We use atomistic simulations to probe the ion conductivities and mechanical properties of polyethylene oxide electrolytes containing Al2O3 nanoparticles. We specifically study the influence of repulsive polymer-nanoparticle and ion-nanoparticle interactions and compare the results with those reported for electrolytes containing the polymorph β-Al2O3 nanoparticles. We observe that incorporating repulsive nanoparticle interactions generally results in increased ionic mobilities and decreased elastic moduli for the electrolyte. Our results indicate that both ion transport and mechanical properties are influenced by the polymer segmental dynamics in the interfacial zones of the nanoparticle in the ion-doped systems. Such effects were seen to be determined by an interplay between the nanoparticle-polymer, nanoparticle-ion, and ion-polymer interactions. In addition, such interactions were also observed to influence the number of dissociated ions and the resulting conductivities. Within the perspective of the influence of nanoparticles on the polymer relaxation times in ion-doped systems, our results in the context of viscoelastic properties were consistent with the ionic mobilities. Overall, our results serve to highlight some issues that confront the efforts to use nanoparticle dispersions to simultaneously enhance the conductivity and the mechanical strength of polymer electrolyte.

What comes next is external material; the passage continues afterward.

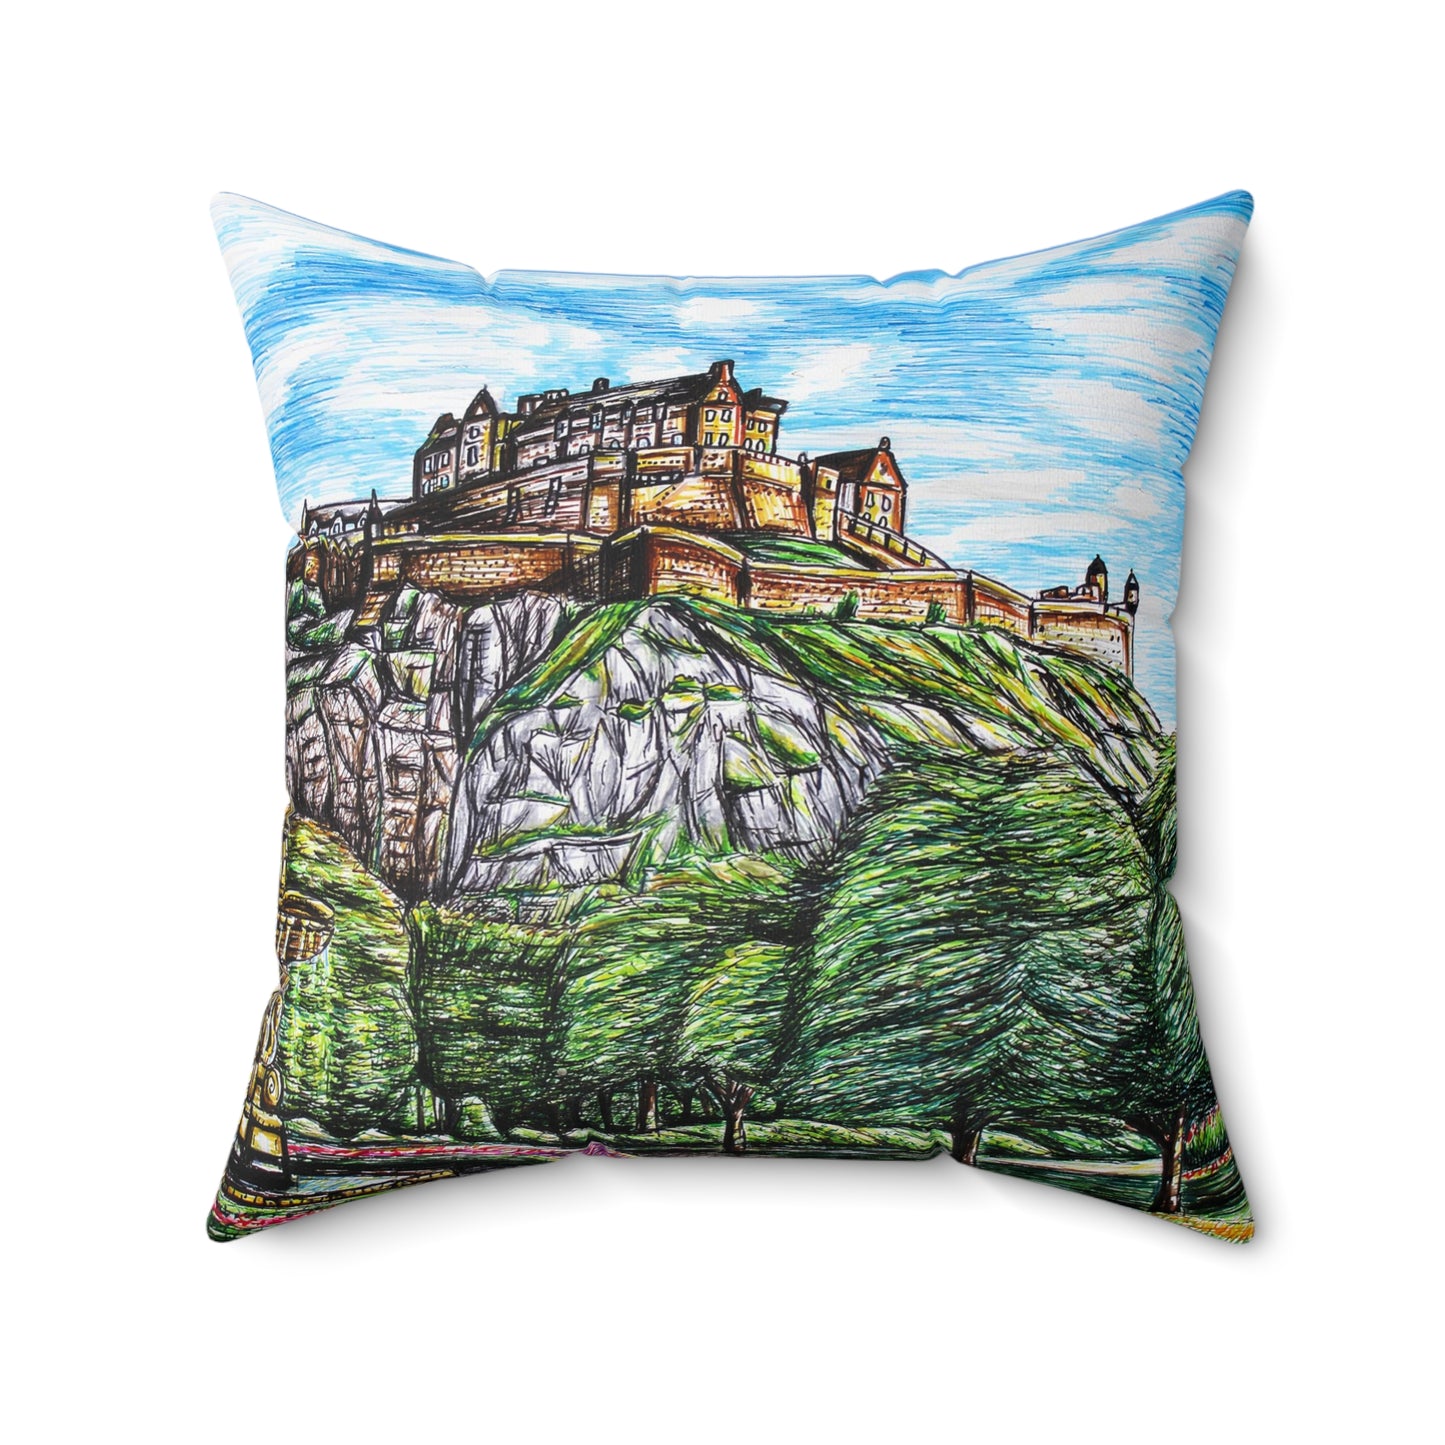 Indoor decorative Cushion- Edinburgh Castle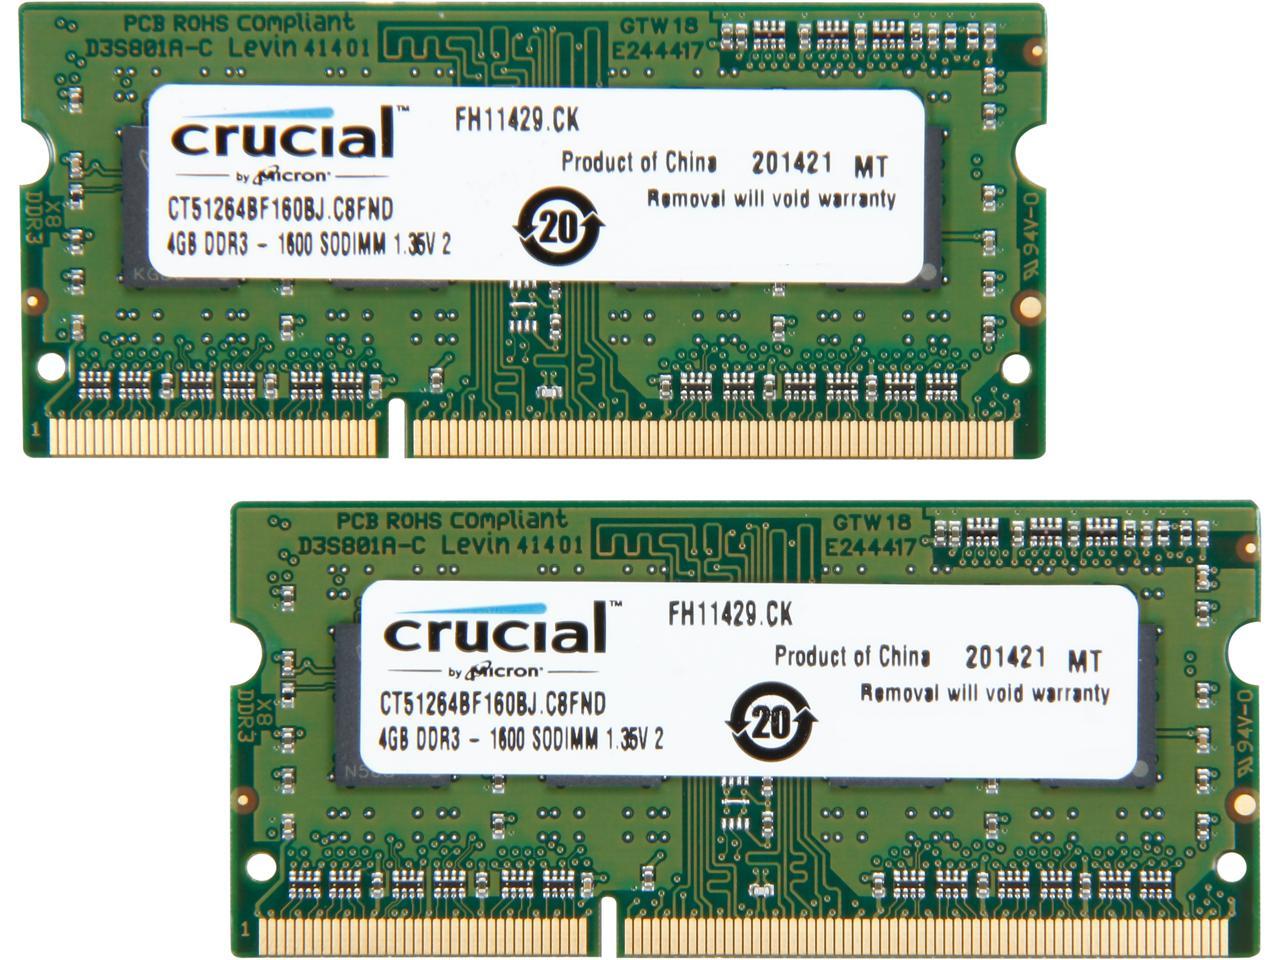 Crucial 8GB Kit (2 x 4GB) DDR3L-1600 SODIMM Memory for Mac - CT2K4G3S160BM

Original languageEnglish (US)
Article number154905
JournalJournal of Chemical Physics
Volume144
Issue number15
DOIs
StatePublished - Apr 21 2016

Bibliographical note

Funding Information:
The authors acknowledge the Texas Advanced Computing Center (TACC) at The University of Texas at Austin for providing computing resources that have contributed to the research results reported within this paper. This work was supported in part by grants from Robert A. Welch Foundation (Grant No. F1599) and National Science Foundation (Grant No. DMR-1306844) and the U.S. Army Research Office under Grant No. W911NF-13-1-0396.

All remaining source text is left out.